How do you think the entry of organisations such as Amazon and Macmillan affect self-publishing?

  • Perhaps if they could change the image of self-publishing being 'the last resort' etc, it would help.
  • However, I do fear that it could lead to all new writers having to go this route.
  • Could improve its credibility.
  • There are just too many crooks out there.
  • They are just stealing yet another small corner of the market.
  • It'll mop up all the suckers.
  • Lowers the bar while raising the competition.
  • Amazon and Macmillan will not lift the credibility of self-publishing.

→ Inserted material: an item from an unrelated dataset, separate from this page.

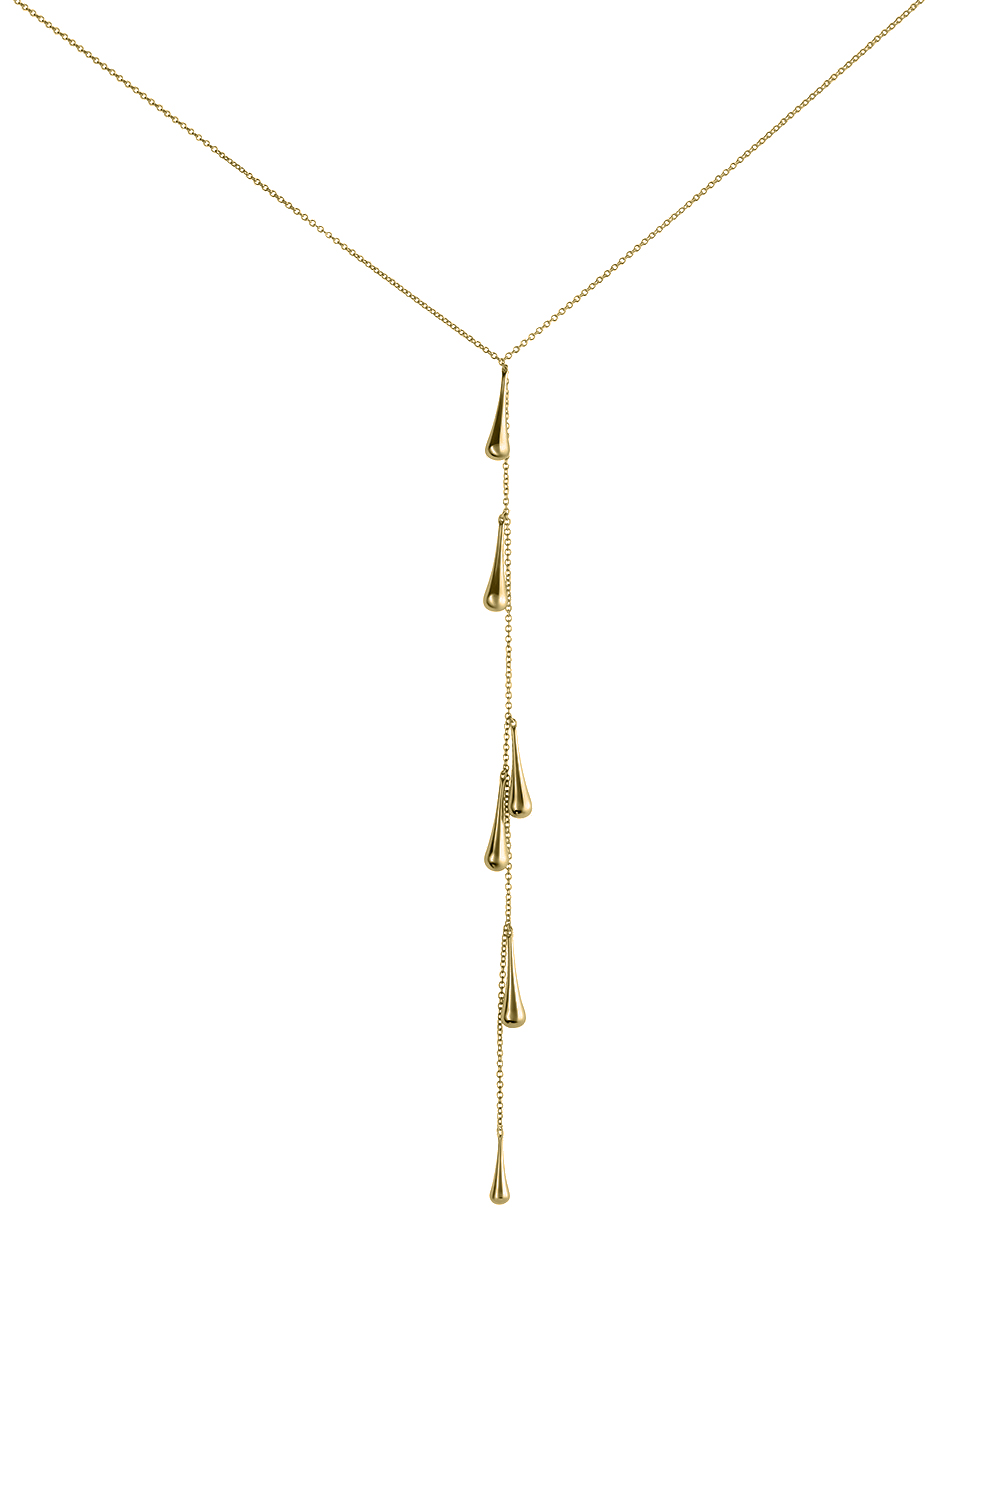 FALLING DROPS NECKLACE YELLOW GOLD PLATED  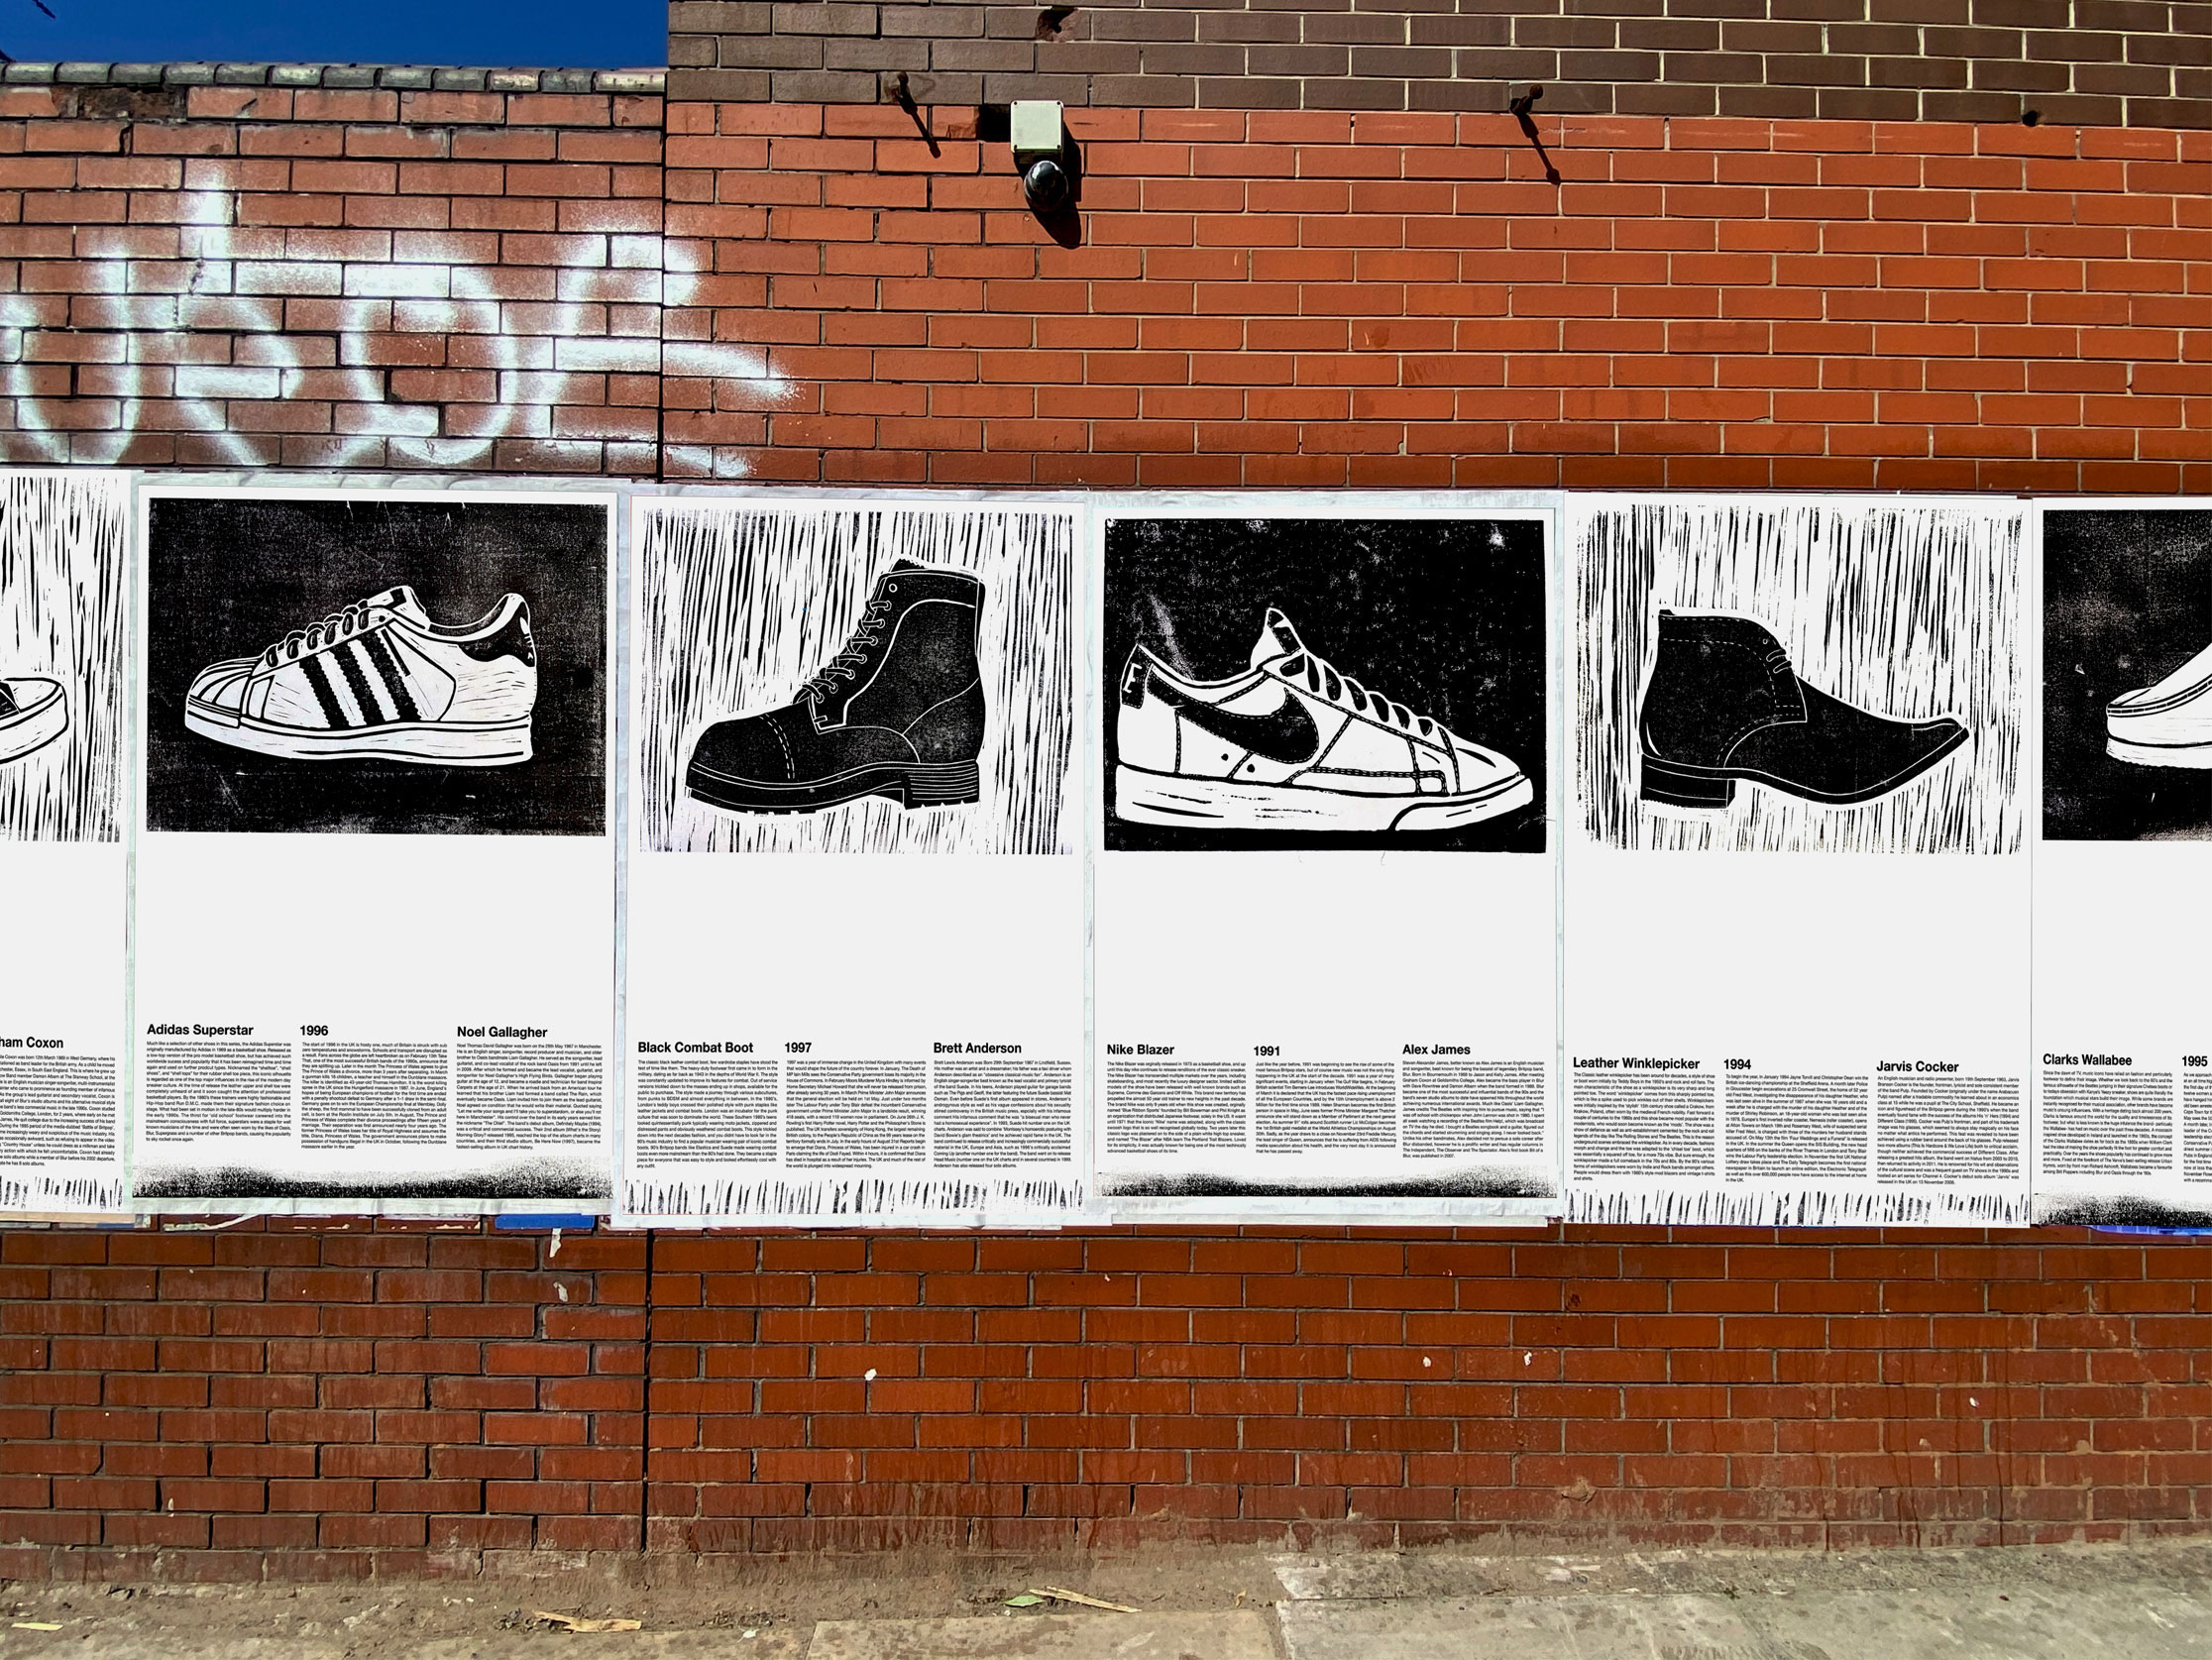 Mock-up photograph, series of poster in situ, featuring linocut print of trainers

The quality of most self-published books is poor and that's why they were rejected by publishing houses.
  • I don't know about Macmillan, but Amazon's costs are steep.
  • Perhaps once these publishers enter the fray, "Predatory Publishing" would be a more fitting moniker. Why, in fact, should they absorb all the production costs when a hungry new writer will foot a good portion of the bill?
  • It will also have a detrimental affect on the number of smaller bookshops.
  • Amazon is great but there's always the age-old problem of making people aware of the product and that's as big a problem as ever. Self-publishing, if done properly, is a serious business and anything that helps is a good thing.
  • The larger they are, the more interested they seem to be only in successful and best-selling authors. I worry about the fine authors who cannot afford to self-publish, yet who deserve to be successful.
  • They give it a kind of respectability … I can't see it ever becoming mainstream.
  • Good news.
  • I think it is a tremendous boost.
  • It gives unpublished writers a chance to get into the market where nobody seems to take on new authors at the moment.

 

(Some minor editing, in the form of spelling corrections has been applied to the comments.)